EXERCISE DIRECTIONS:
Each line of the listing, apart from the pictures, is to be printed exactly.

DATA PROVIDED:
---*---
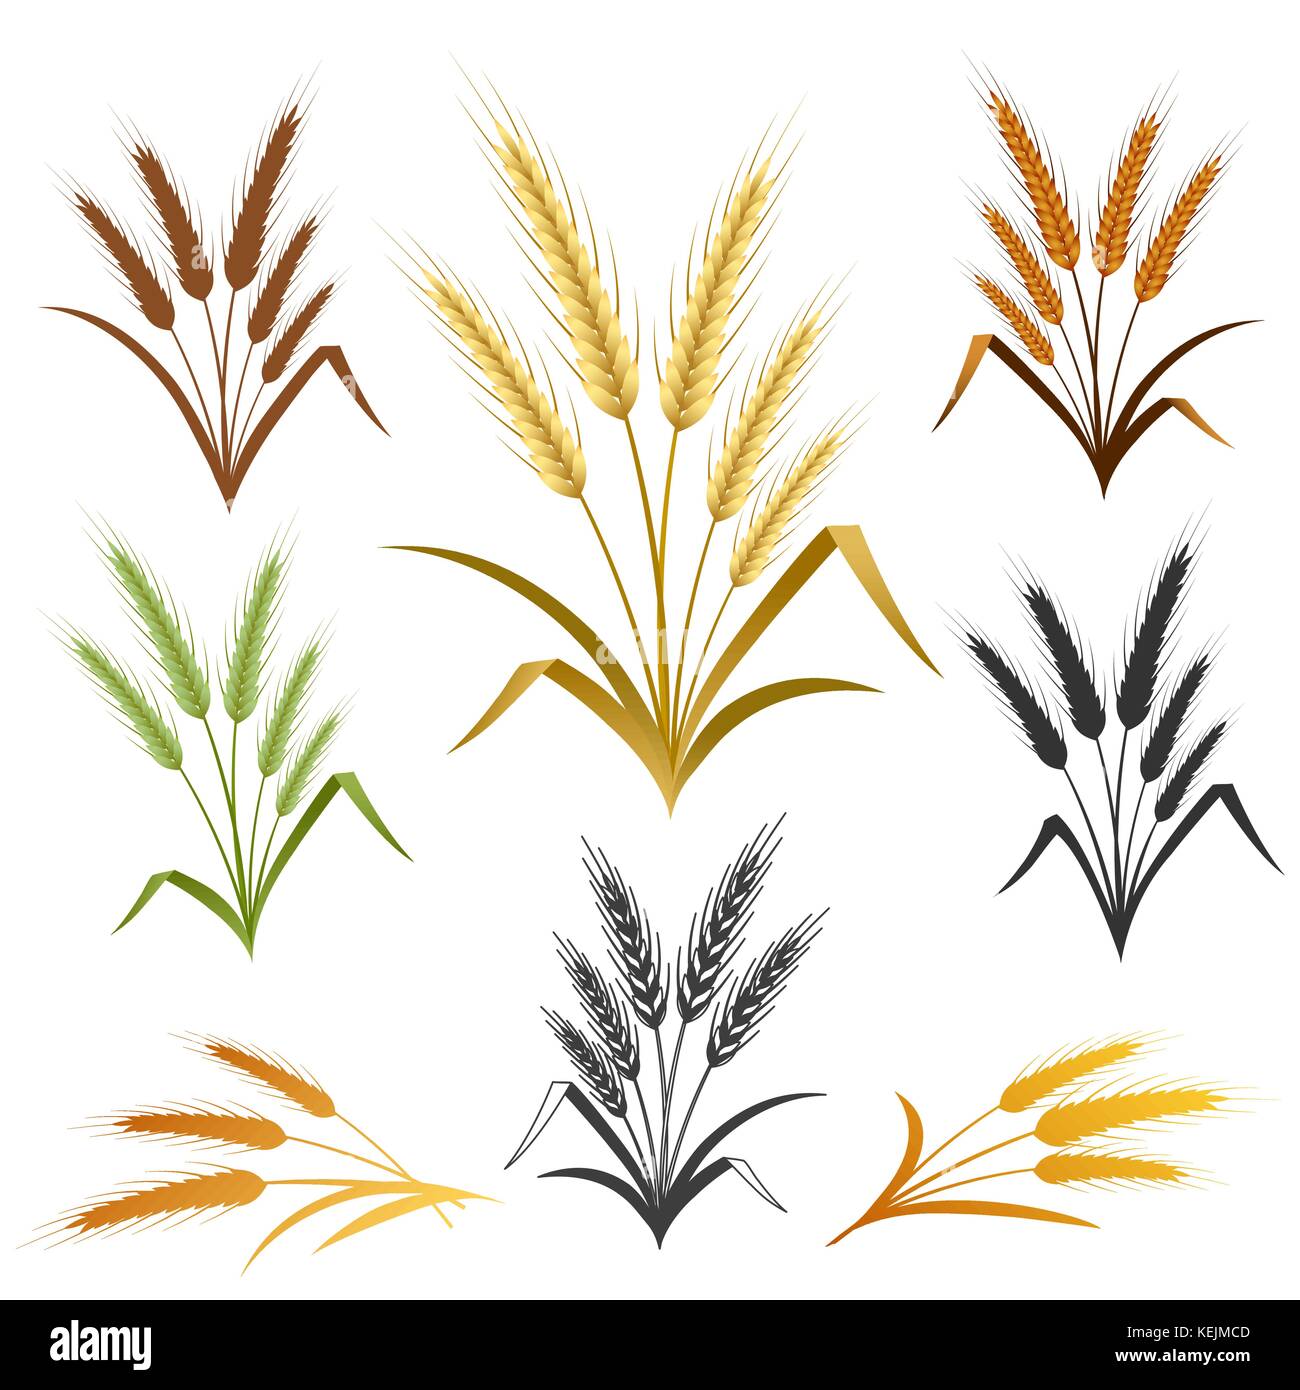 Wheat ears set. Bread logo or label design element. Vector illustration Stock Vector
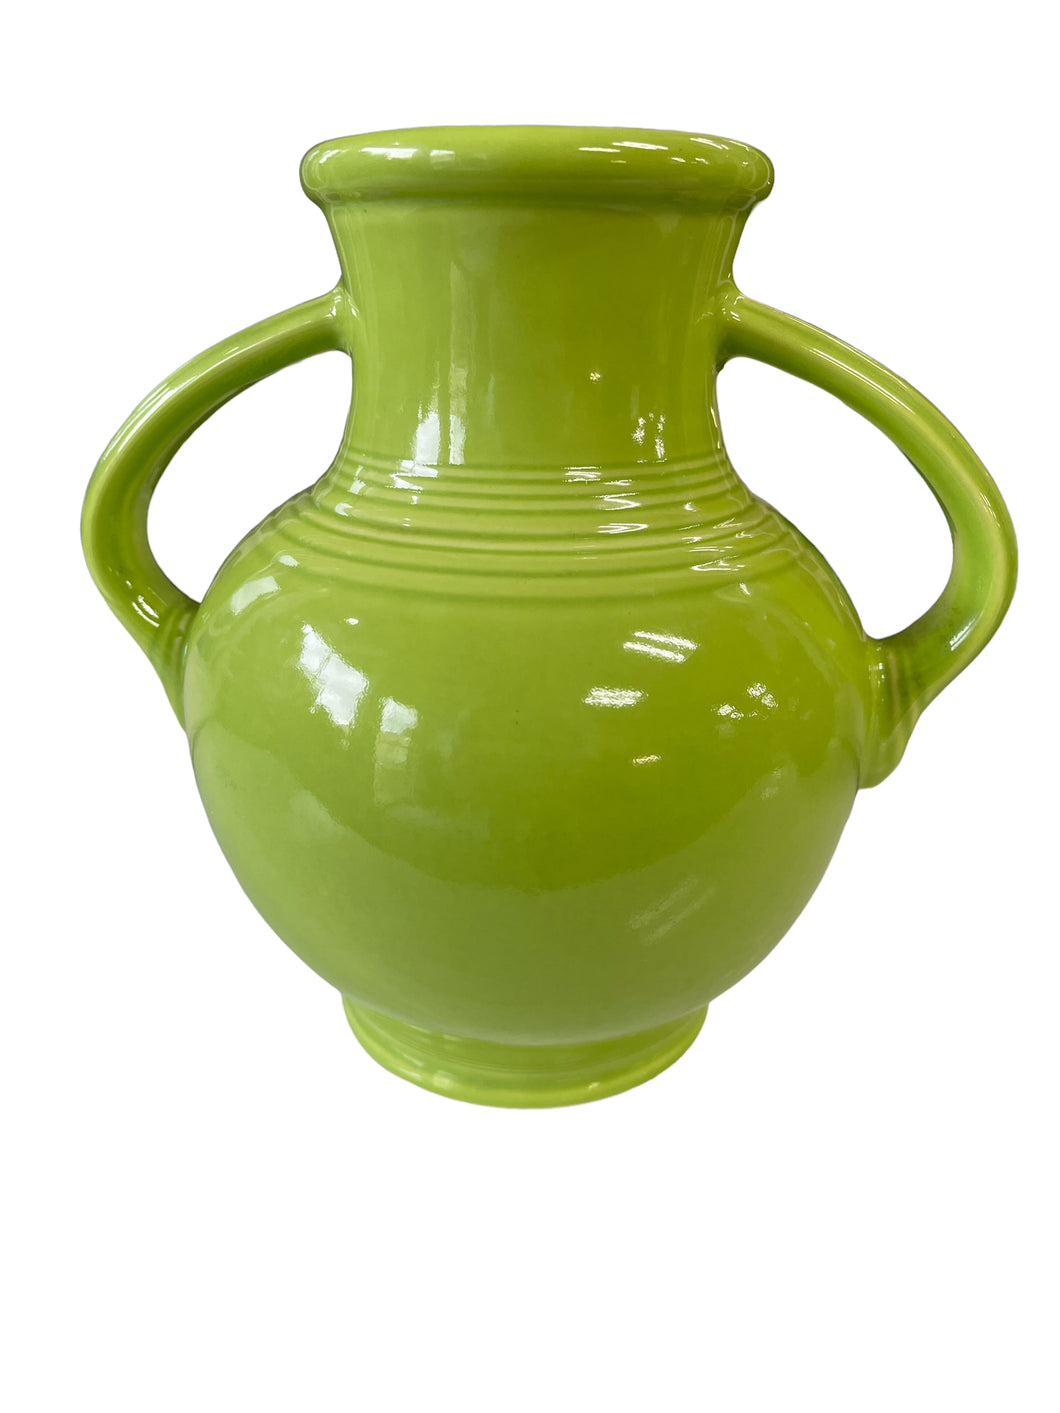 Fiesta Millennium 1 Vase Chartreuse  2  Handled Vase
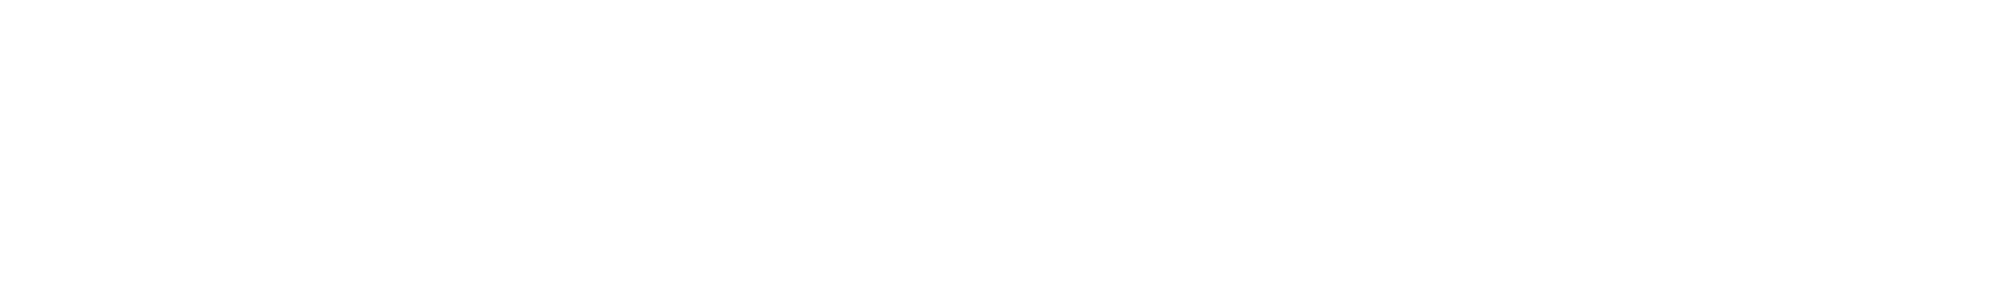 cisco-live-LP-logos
---*---
RESPONSE AREA:
 Wheat ears set. Bread logo or label design element. Vector illustration Stock Vector
 Fiesta Millennium 1 Vase Chartreuse  2  Handled Vase
 cisco-live-LP-logos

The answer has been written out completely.